Background: Maternal colonization with group B streptococcus (GBS) during pregnancy increases the risk of neonatal infection by vertical transmission. Administration of intrapartum antibiotic prophylaxis (IAP) during labor has been associated with a reduction in early onset GBS disease (EOGBSD). However, treating all colonized women during labor exposes a large number of women and infants to possible adverse effects without benefit.
Objectives: To assess the effect of IAP for maternal GBS colonization on neonatal: 1) all cause mortality and 2) morbidity from proven and probable EOGBSD, late onset GBS disease (LOD), maternal infectious outcomes and allergic reactions to antibiotics.

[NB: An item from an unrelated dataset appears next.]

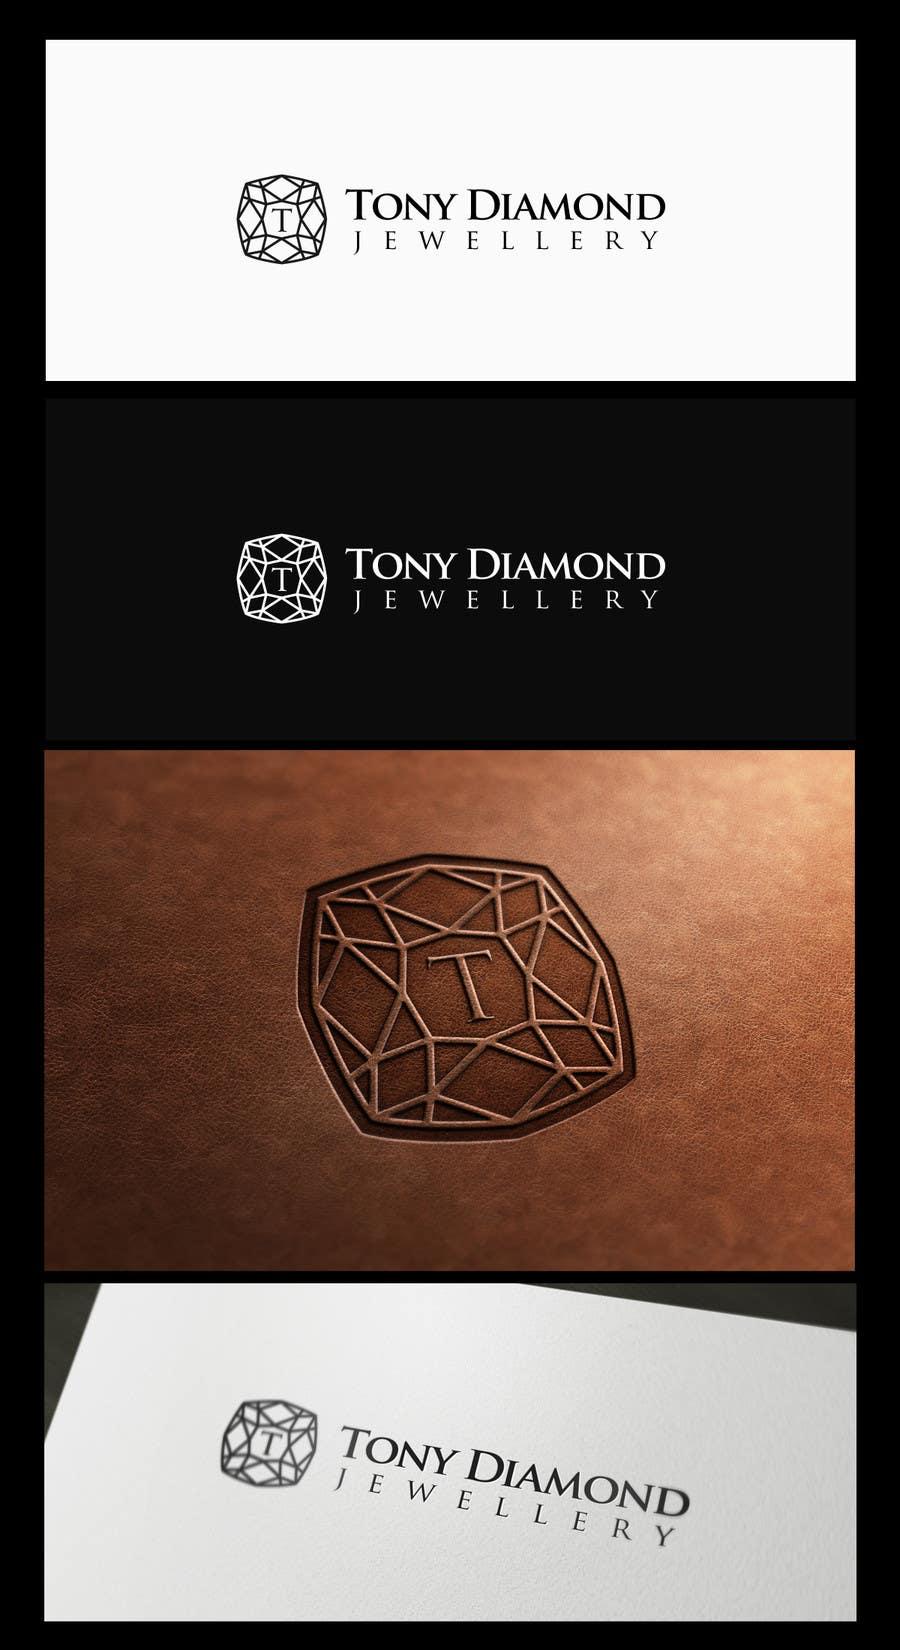 Kilpailutyö #56 kilpailussa Logo Design for Tony Diamond Jewellery

Search methods: We updated the search of the Cochrane Pregnancy and Childbirth Group's Trials Register on 10 November 2012.
Selection criteria: Randomized trials assessing the impact of maternal IAP on neonatal GBS infections were included.

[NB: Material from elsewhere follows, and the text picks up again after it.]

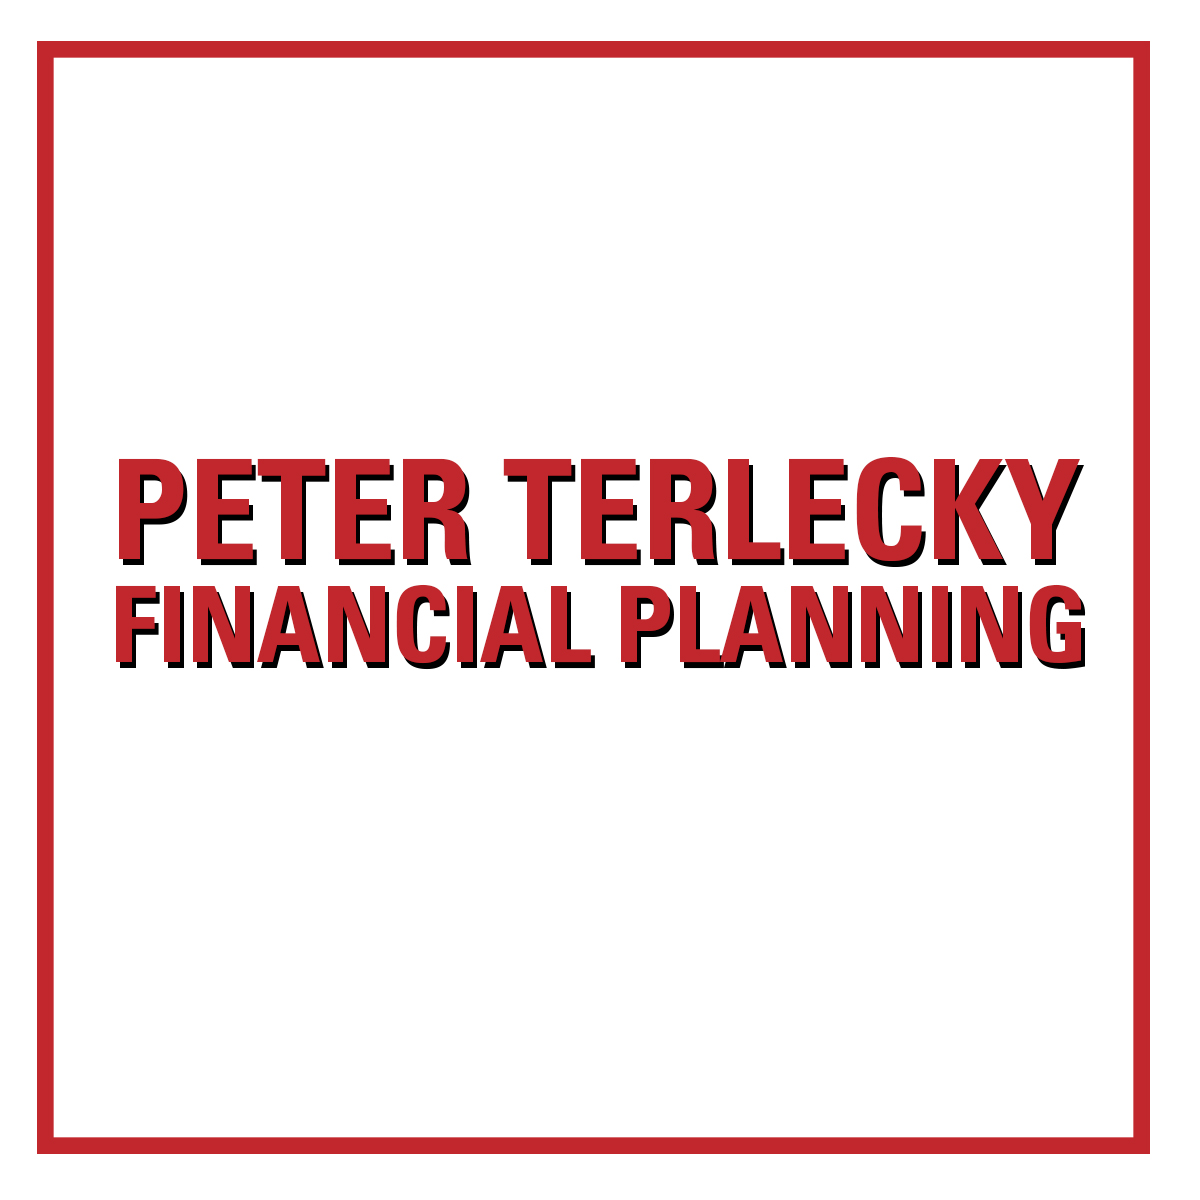 Peter Terlecky Financial Planning

Data collection and analysis: We independently assessed eligibility and quality of the studies.
Main results: We did not identify any new trials from the updated search so the results remain unchanged as follows.Three trials (involving 852 women) evaluating the effects of IAP versus no treatment were included. The risk of bias was high. The use of IAP did not significantly reduce the incidence of all cause mortality, mortality from GBS infection or from infections caused by bacteria other than GBS. The incidence of early GBS infection was reduced with IAP compared to no treatment (risk ratio 0.17, 95% confidence interval (CI) 0.04 to 0.74, three trials, 488 infants; risk difference -0.04, 95% CI -0.07 to -0.01; number needed to treat to benefit 25, 95% CI 14 to 100, I(2) 0%). The incidence of LOD or sepsis from organisms other than GBS and puerperal infection was not significantly different between groups.One trial (involving 352 women) compared intrapartum ampicillin versus penicillin and reported no significant difference in neonatal or maternal outcomes.
Authors' conclusions: Intrapartum antibiotic prophylaxis appeared to reduce EOGBSD, but this result may well be a result of bias as we found a high risk of bias for one or more key domains in the study methodology and execution. There is lack of evidence from well designed and conducted trials to recommend IAP to reduce neonatal EOGBSD.Ideally the effectiveness of IAP to reduce neonatal GBS infections should be studied in adequately sized double-blind controlled trials. The opportunity to conduct such trials has likely been lost, as practice guidelines (albeit without good evidence) have been introduced in many jurisdictions.